The Trust said it was one of the first to implement a mandate from the Department of Health that all mobile data must be encrypted, and it followed this process and met the required standard for data encryption of mobile devices, as well as all laptop hard drives and USB storage devices.
“We were proactive in being one of the first Trusts to implement the Department of Health’s mobile data encryption mandate but wanted to go a step further in implementing encryption technology that would protect sophisticated hardware and eradicate the need for devices to be wiped,” said Alex Fildes, system and networking technician at the Trust.
Initially the Trust selected McAfee Endpoint, but Fildes told Computing that this proved unreliable.
“It was unreliable with the hardware it was being used on, when there was an issue the data was not recoverable with the recovery tools available from McAfee,” he said.
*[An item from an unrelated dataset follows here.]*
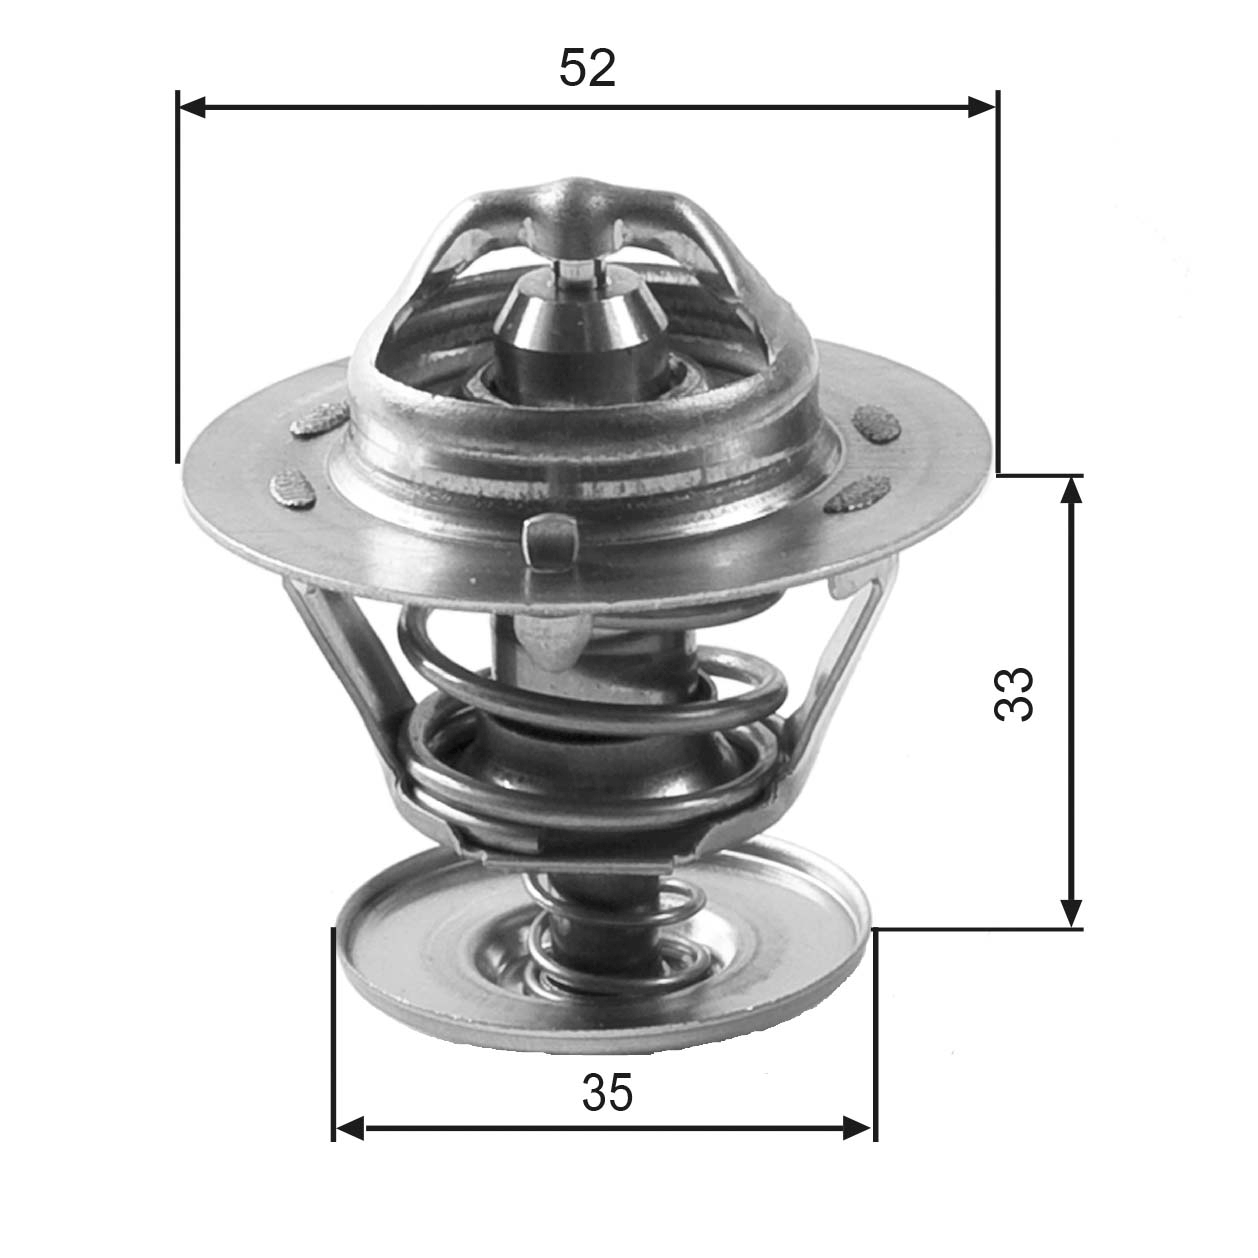 Thermostat for 1995 ford escort

The Trust encountered problems with some of its hardware, where the disk encryption failed and devices had to be wiped. The most common problem experienced, according to the Trust, was when a new laptop was acquired it would contain a new chipset or new hard drive design that would not work reliably, meaning that laptops that were configured, encrypted and given to users had to be returned within a matter of weeks, or even days.
The organisation went through a tender process and looked at two options: Safend Encryptor and Check Point Full Disk encryption.
“While Check Point was a very good product, it did not fit the way laptops are used at the hospitals within the Trust. NHS Bolton chose Safend Encryptor as the IT team was confident that it would provide secure encryption of users’ data, while leaving the operation system in a robust and recoverable state in the event of a disaster recovery situation,” Fildes said.
“It was the best option for us as it required minimal administration, reducing the impact on staff productivity; there was also no need for them to be retrained to use it as it was simple yet secure,” he added.
The team researched and tested several hacking and data recovery tools in an attempt to break Safend Encryptor but were not able to do so.
The implementation is currently in progress on an ad hoc basis, but it has been deployed on over 400 machines using Microsoft’s System Center Configuration Manager. Since the installation, which took place in October 2012, the machines that previously had problems with disk encryption software have shown no issues using Safend Encryptor, the Trust said.
The Trust’s work in ensuring its data is protected comes after Computing questioned the willingness of the Information Commissioner’s Office to levy fines against negligent organisations in the NHS. A week after Computing‘s questions, the ICO issued its first data protection fine for £70,000 against the Aneurin Bevan Local Health Board in Pontypool, South Wales.
The biggest fine to date from the ICO to an NHS body is £375,000 in a case against Brighton and Sussex University Hospitals NHS Trust. The fine, which is being contested by the Trust, comes after a batch of hard-disk drives that should have been destroyed by a contractor were sold on auction website eBay.